Getting started
Your first model
Open the catalog, read one verdict per row, and let the runtime size the model to the memory you actually have.
Finding weights is easy. The hard question is whether a given set of weights will run on the machine in front of you, and at what quality. Conifer answers that on the card, before you spend a gigabyte downloading anything. Pick a model and the runtime handles the fit. If you have not installed yet, start with Install and come back.
Open the catalog
The studio’s model browser is the catalog. It opens on a short list of vetted everyday picks: well-rounded models that hold up as a default for chat, drafting, and tool use. Below those sit the specialists, each one excellent at a single job and a poor choice for anything else. When you already know the shape of your work, the choosing guide routes you straight to a recommendation by task.
Every row carries three numbers and one verdict. The numbers are the parameter count, the quantization level, and the download size on disk. The verdict is the part you read first. Decode speed and a published intelligence score live on the models ledger, where you can compare them across the catalog at a glance.
Read the fit verdict
Conifer probes your hardware once. It reads how large a single buffer the GPU will hand out and how much memory is actually free right now, the free figure already discounting the pages the OS can reclaim. From that it derives a usable-memory ceiling and compares every model against it. Each row gets a small pill, answered before download, never color alone:
- fits
- Runs with comfortable memory headroom.
- tight
- Fits, but leaves little room to spare. It will run; long contexts may push it.
- won’t fit
- Larger than this machine’s usable memory. Not an error, just honest unavailability.
- fit unknown
- The memory ceiling couldn’t be read, so Conifer says so rather than fake a confident verdict.
Hover a verdict to see the gigabyte arithmetic behind it. The pill reads identically to a screen reader and a colorblind reader, because the meaning lives in the label, not the dot.
Download it
Click download on a row that fits and the runtime starts the job, not the page. The row swaps its verdict for a progress meter: a percentage and a rough time estimate. Switch to another screen and the download keeps going; come back and the meter is where you left it. Once the weights land, the model is ready to load.
Some larger models ship as several files that download as one unit and load together as a single model. The row flags that up front, so a multi-part download is never a surprise.

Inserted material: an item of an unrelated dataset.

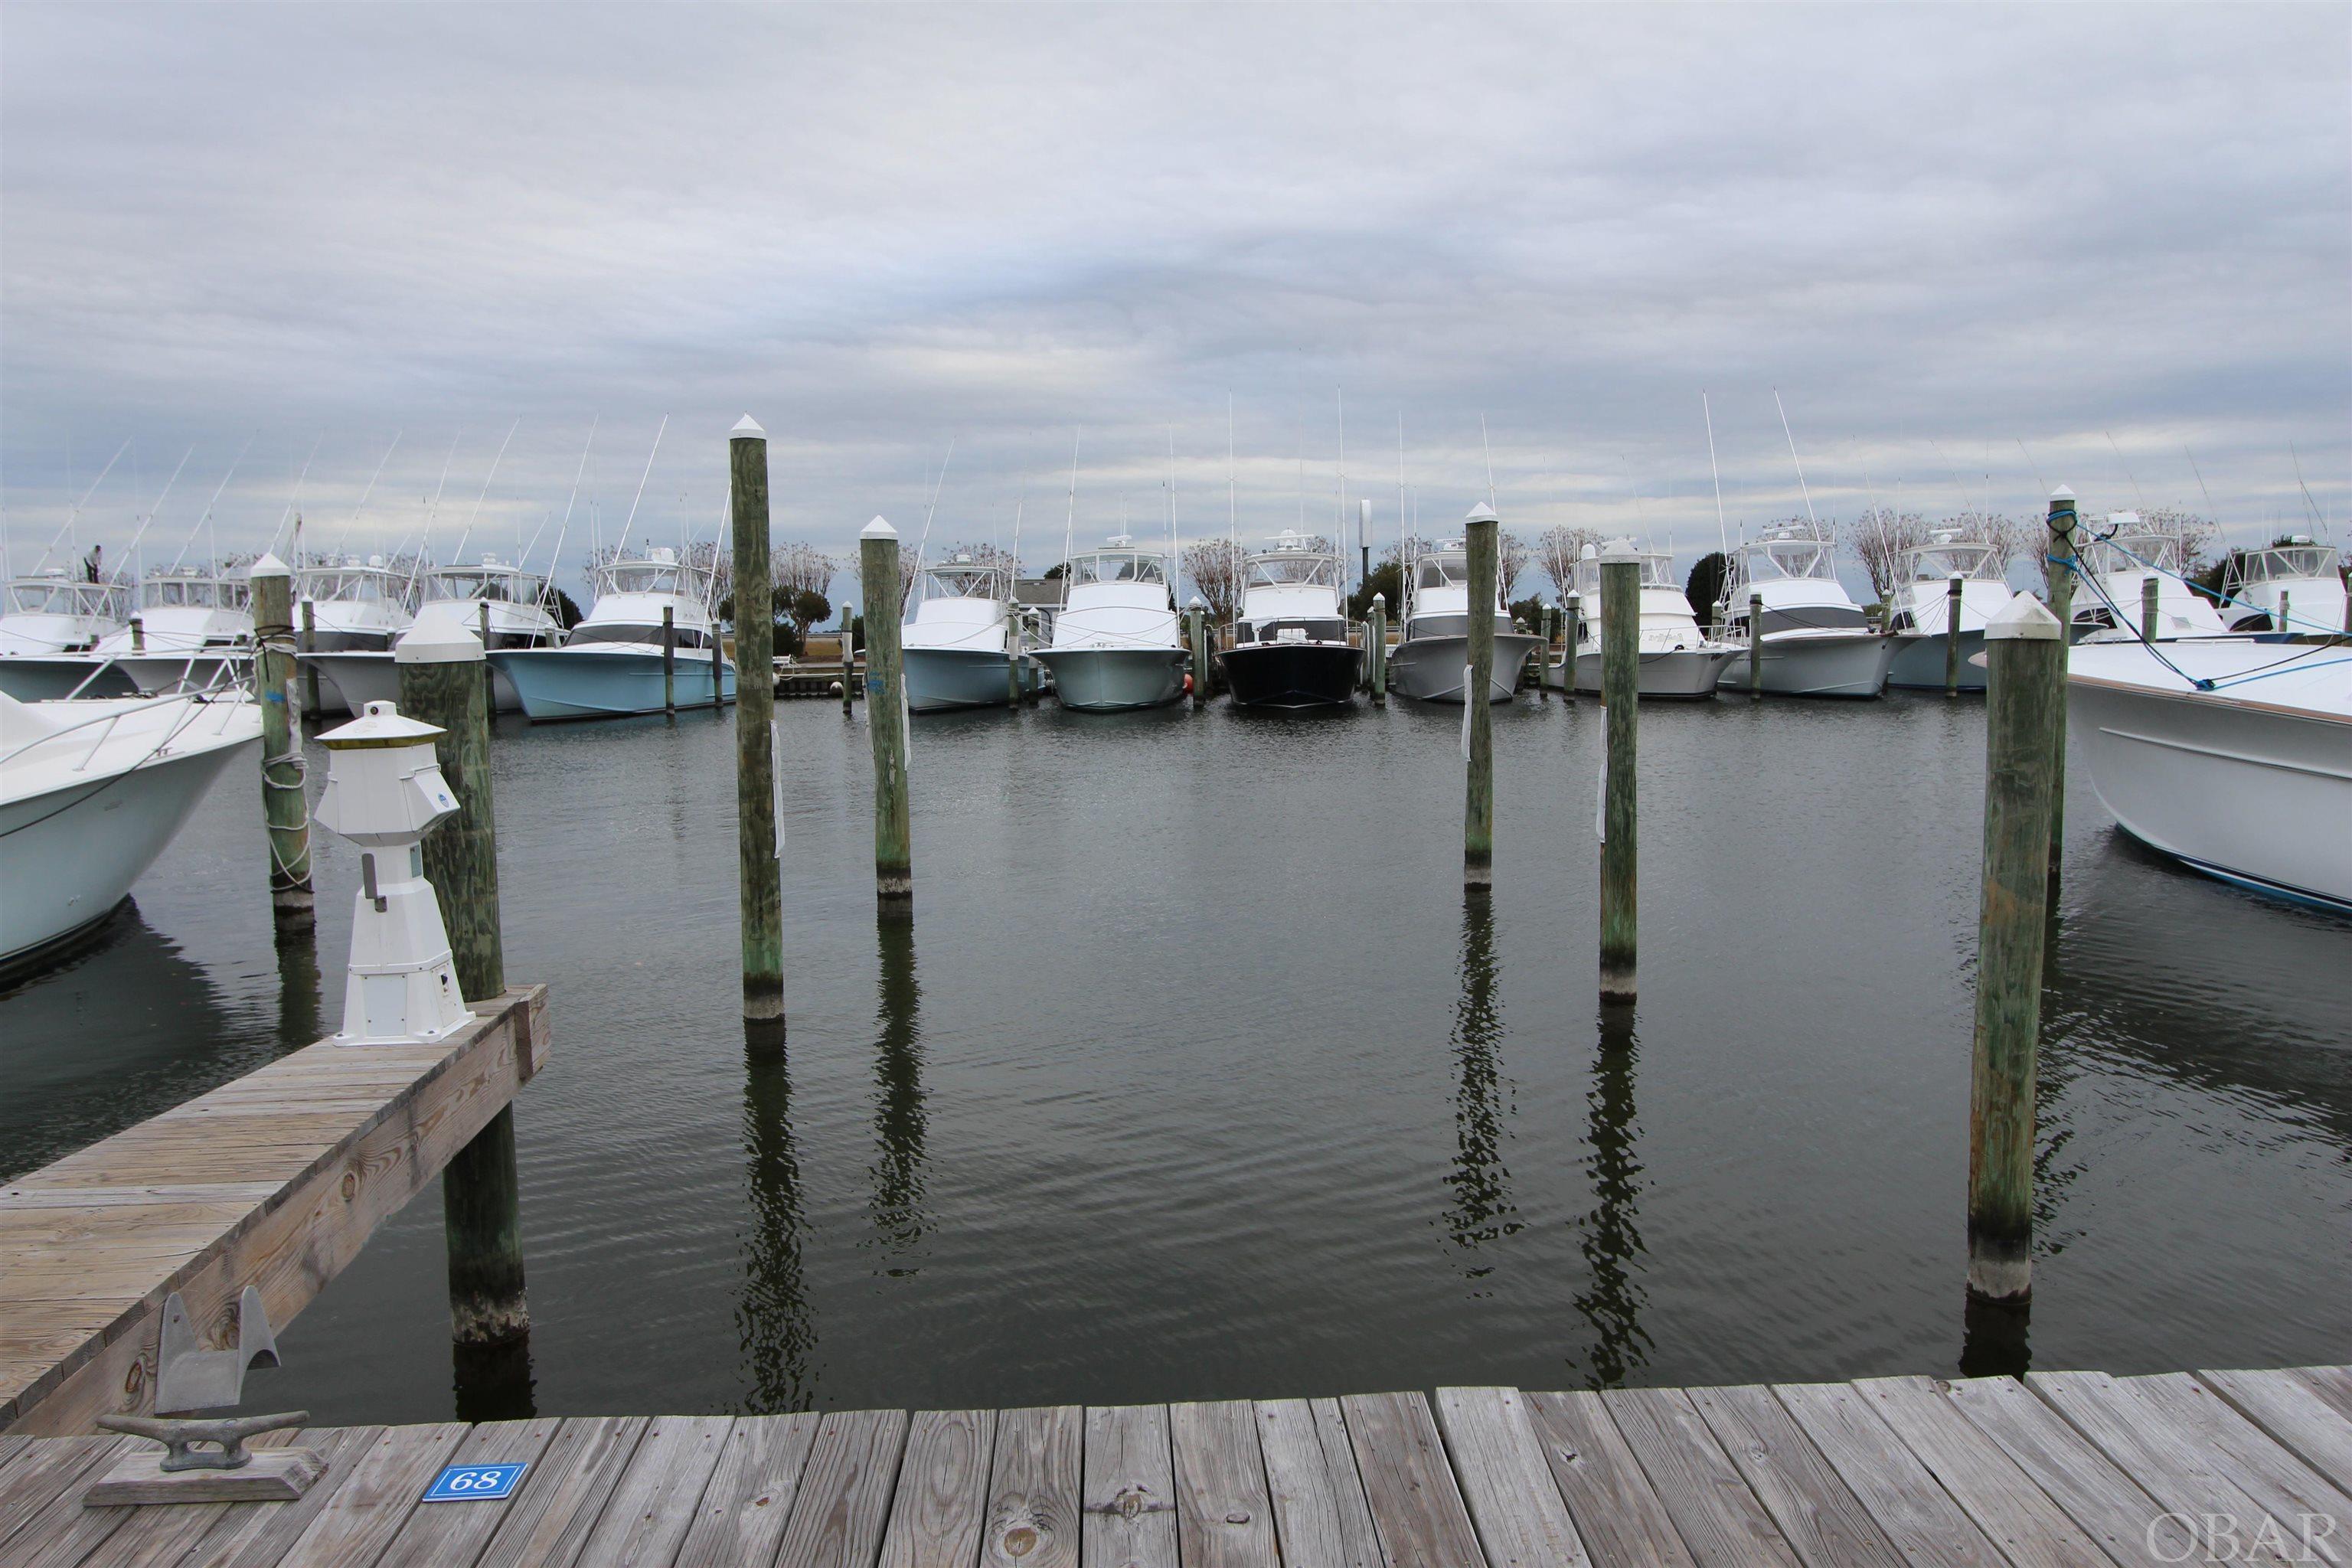 55' Deeded Slip with a 5' spring line allowance up to 60'. Approximately 18'6" wide. Opportunity to have a secure slip for your boat in the WORLD CLASS MARINA.  Adjacent to parking, the Tiki Bar, Ships Store, Bluewater Grill and Tournament Pavilion. Prime location!  Slip Owners may use the Pirates Cove Amenities, clubhouse/pool, lighted tennis courts, playground and fitness center for $5/per day, per/person. Water Included in Slip Owners Fee.

What “fits it to your memory” means
You never chose a quantization level or wrote a config file, by design. Conifer picks the precision that lands without swapping weights to disk, and the engine sizes the KV cache to the memory free at load time rather than to the model’s full window. That is how a 24B model runs on a 36 GB machine instead of dropping to a token a second against a thrashing swap file. For the trade-offs behind the precision choice, see Quantization.
A few good starting points
These are reasonable defaults by machine size, starting points rather than a ranking. The per-model speed and intelligence figures live on the models ledger, and the catalog’s own fit pill is the authority on your specific hardware.
| Usable memory | Reach for | Why |
|---|---|---|
| 8 GB | a 3B to 4B dense model | fast, fits with headroom, good for chat and short code |
| 16 GB | a 7B to 8B dense model | the everyday sweet spot for quality and speed |
| 32 GB and up | a 14B+ dense model or a sparse MoE | more capability; an MoE trades RAM for a small model's speed |
Numbers are guidance, not a guarantee. The catalog reads your real ceiling and tells you per model.
Whether a model is dense or a sparse MoE changes how it spends that memory. That is why the catalog and these defaults weigh architecture, not parameter count alone. With the weights downloaded, the next step is your first chat.